East/West: A Guide to Where People Live in Downtown Toronto does not attempt to include all sites, all voices, and all opinions, but a significant dimension of the publication has been to provide a forum for different voices that do not usually have the opportunity to be heard together. We have deliberately avoided influencing or homogenizing the responses of the authors for the sake of an overarching thesis. Instead, we have attempted to convey each author’s contribution (text and illustrations), as part of the complex and often incongruous matrix of opinions that come from governments, heritage groups, builders, planners, lawyers, architects, landscape architects, and developers, as well as students and people who live in the centre of the city. The perspectives within this book, therefore, do not necessarily represent those of the editors or the SSAC.
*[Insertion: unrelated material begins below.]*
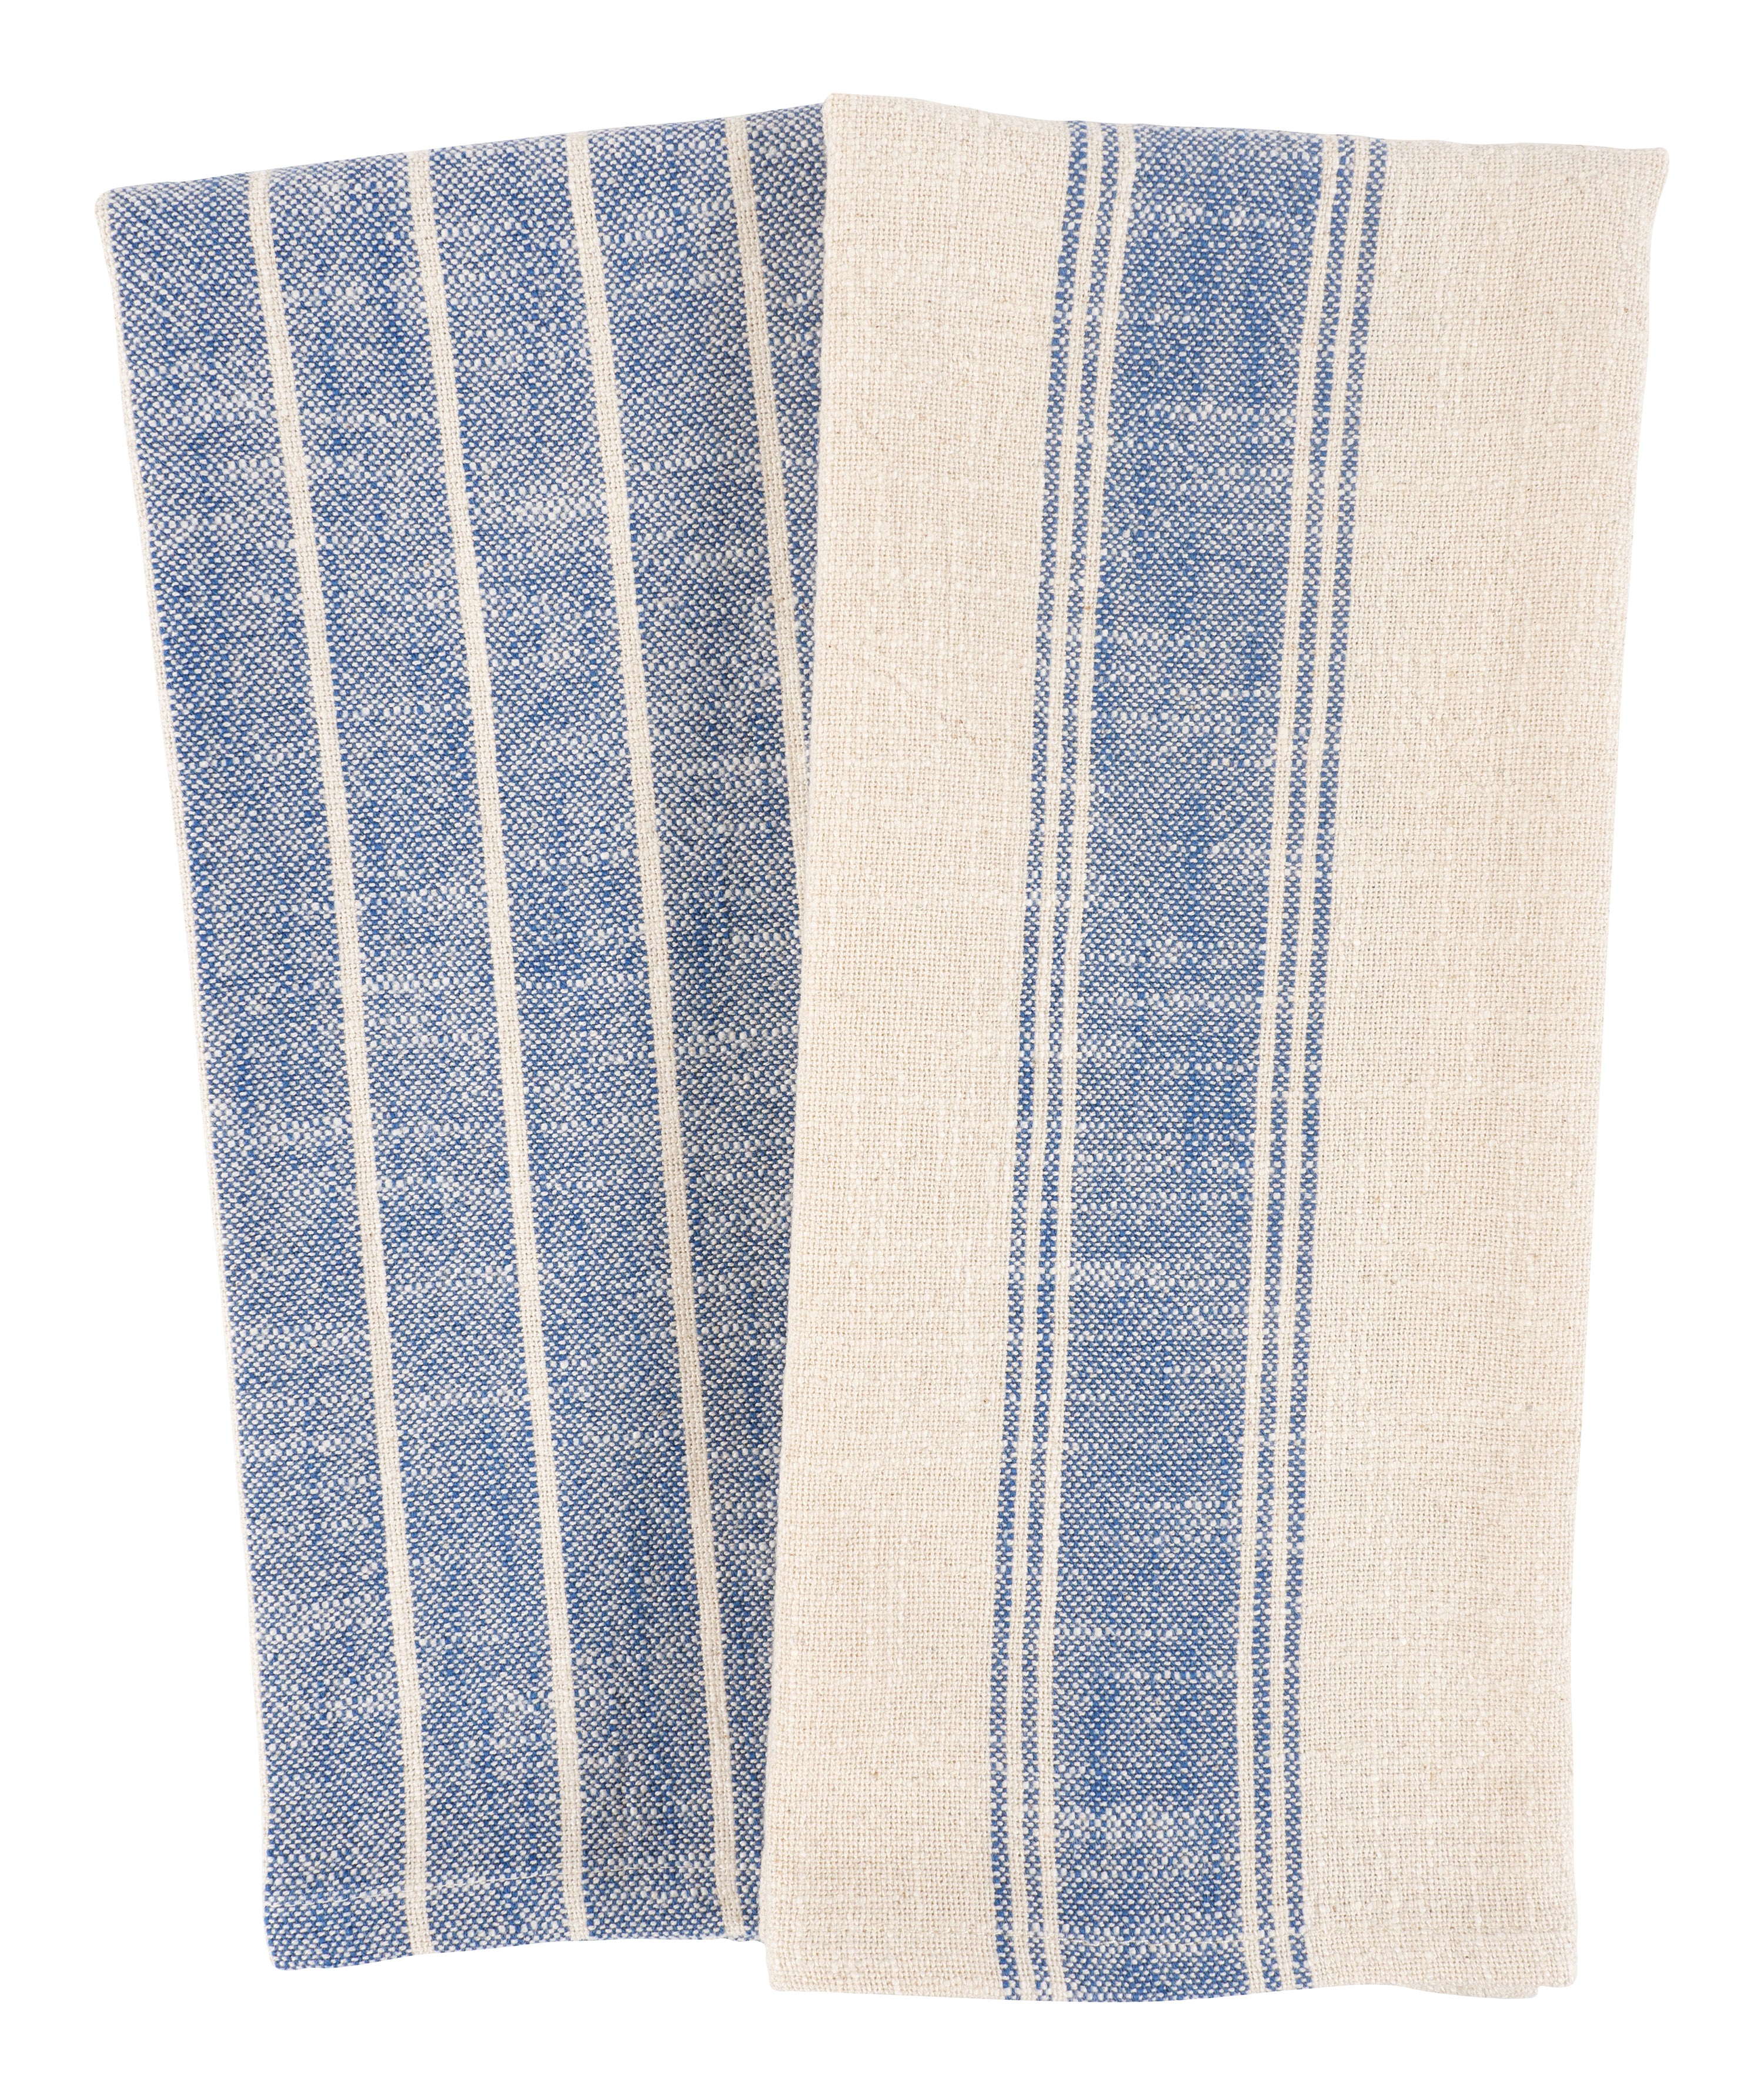 Kitchen Towels Cotton, Set of 6, Plaid Dish Towels, Farmhouse

The publication is organized around two cross-sections of the downtown core, one in the east end and one in the west. The eastern cross-section takes Parliament Street as its spine, running from Rosedale to the Harbour; the western cross-section follows Spadina Avenue and St George/Beverley streets, from Wychwood and Casa Loma to the Harbour. This sectional view of the city is not intended to be exclusive or divisive in any sense, but to provide a profile of housing where the juxtaposition of differences becomes as significant as the presentation of congruent neigh-bourhoods. Most sites, but not all, were selected because they fit on one of the cross-sections. Parts of these cross-sections are adaptable for self-guided walking tours. Some sites have been included that are off the sectional grid because they illustrate major trends, ideas, or issues that could not be easily treated within the framework of the downtown.

East/West: A Guide to Where People Live in Downtown Toronto is our invitation to visit, explore and reflect upon the neighbourhoods and housing sites of Toronto.